Animosos, sigamos sus huellas,
nuestro barro será transformado
hasta verse con Cristo elevado
junto a Dios en su cielo de estrellas.

Gloria a Dios, que ilumina este día:
gloria al Padre, que quiso crearnos,
gloria al Hijo, que vino a salvarnos,
y al Espíritu que él nos envía. 
Amén.

2 de noviembre de 2025: DOMINGO, Conmemoración de todos los fieles difuntos


SUFRAGIOS, la memoria provechosa para nuestros difuntos

Las Misas no son homenajes a los difuntos

Ofrecemos la Misa, no en honor, ni como homenaje a los difuntos, ni como un mero acto de recuerdo entrañable; sino en sufragio de sus almas, para el perdón y la purificación de sus pecados.

Sentimos naturalmente el dolor, por la separación temporal de una persona querida, pero también el gozo sereno que nos da la esperanza en la resurrección. Porque creemos en la misericordia de Dios, en el perdón de los pecados y en la vida eterna.
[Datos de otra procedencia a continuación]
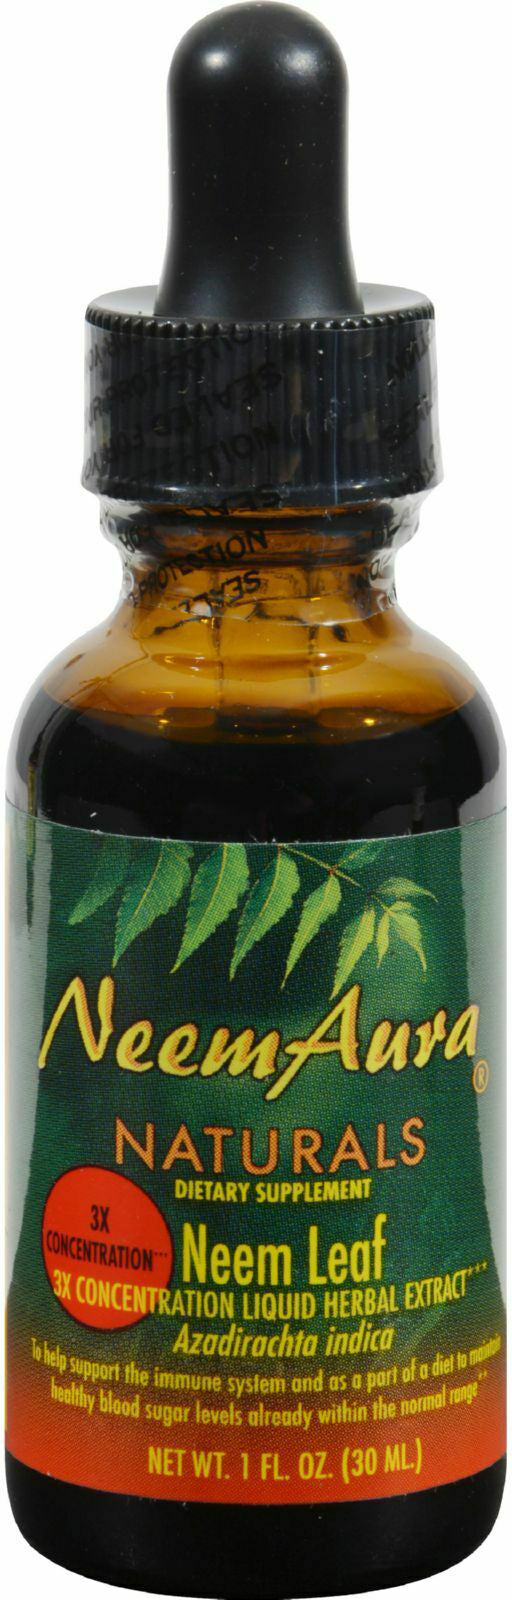 Neem Leaf 3X Concentrate, 1 Fl Oz (30 mL) Liquid , Brand_NeemAura Form_Liquid Size_1 Fl Oz

¿Cómo podemos ayudar de verdad
a nuestros difuntos?

La oración por los difuntos

Orar por los difuntos es una obra de misericordia y un acto de justicia y caridad. ¿Quién no siente la necesidad de hacer llegar a los propios seres queridos que ya se fueron un signo de bondad, de gratitud o también de petición de perdón? Una convicción fundamental del cristianismo de todos los siglos, y que sigue siendo también hoy una experiencia consoladora, es que el amor puede llegar hasta el más allá; que es posible un recíproco dar y recibir, en el que estamos unidos unos con otros con vínculos de afecto, más allá del confín de la muerte.

El cristiano no está solo en su camino de conversión. En Cristo y por medio de Cristo la vida del cristiano está unida con un vínculo misterioso a la vida de todos los demás cristianos en la unidad sobrenatural del Cuerpo místico. Nuestra oración por ellos puede no solamente ayudarles sino que también hace eficaz su intercesión en nuestro favor. «No dudemos, pues,  en socorrer a los que han partido y en ofrecer nuestras plegarias por ellos» (San Juan Crisóstomo).

La Iglesia vive la comunión de los Santos. En la Eucaristía esta comunión, que es don de Dios, actúa como unión espiritual que nos une a los creyentes con los Santos y los Beatos, cuyo número es incalculable (Cf. Ap 7,4). Su santidad viene en ayuda de nuestra fragilidad, y así la Madre Iglesia es capaz con su oración y su vida de encontrar la debilidad de unos con la santidad de otros.

La mejor ayuda a nuestros difuntos:
Misas e indulgencias

Dado que nadie conoce el estado en que una persona muere, la Iglesia celeste y la que peregrina en el mundo interceden por los difuntos para que alcancen la perfección necesaria para ver a Dios. La Iglesia peregrina, perfectamente consciente de la comunión de todo el Cuerpo místico de Jesucristo, siempre ha honrado la memoria de los difuntos y ha enseñado que, por el misterio de la comunión de los santos, podemos ayudar a nuestros difuntos —las almas del Purgatorio—, pues después de la muerte ya no pueden merecer para sí mismos, mediante la oración, las limosnas, los sacrificios y obras de penitencia, las indulgencias en su favor y especialmente ofreciendo por ellos la Santa Misa pidiendo por el perdón de sus pecados y su eterno descanso, y agradeciendo los beneficios que recibieron en vida, «pues es una idea santa y provechosa orar por los difuntos para que se vean libres de sus pecados» (Cf. 2 M 12, 45). De este modo, se establece entre los fieles un maravilloso intercambio de bienes espirituales, por el cual la santidad de uno beneficia a los otros, mucho más que el daño que su pecado les haya podido causar. El cristiano no teme el trance de la muerte ni la purificación que viene tras ella, pues es obra del amor de Dios que perfecciona a su criatura.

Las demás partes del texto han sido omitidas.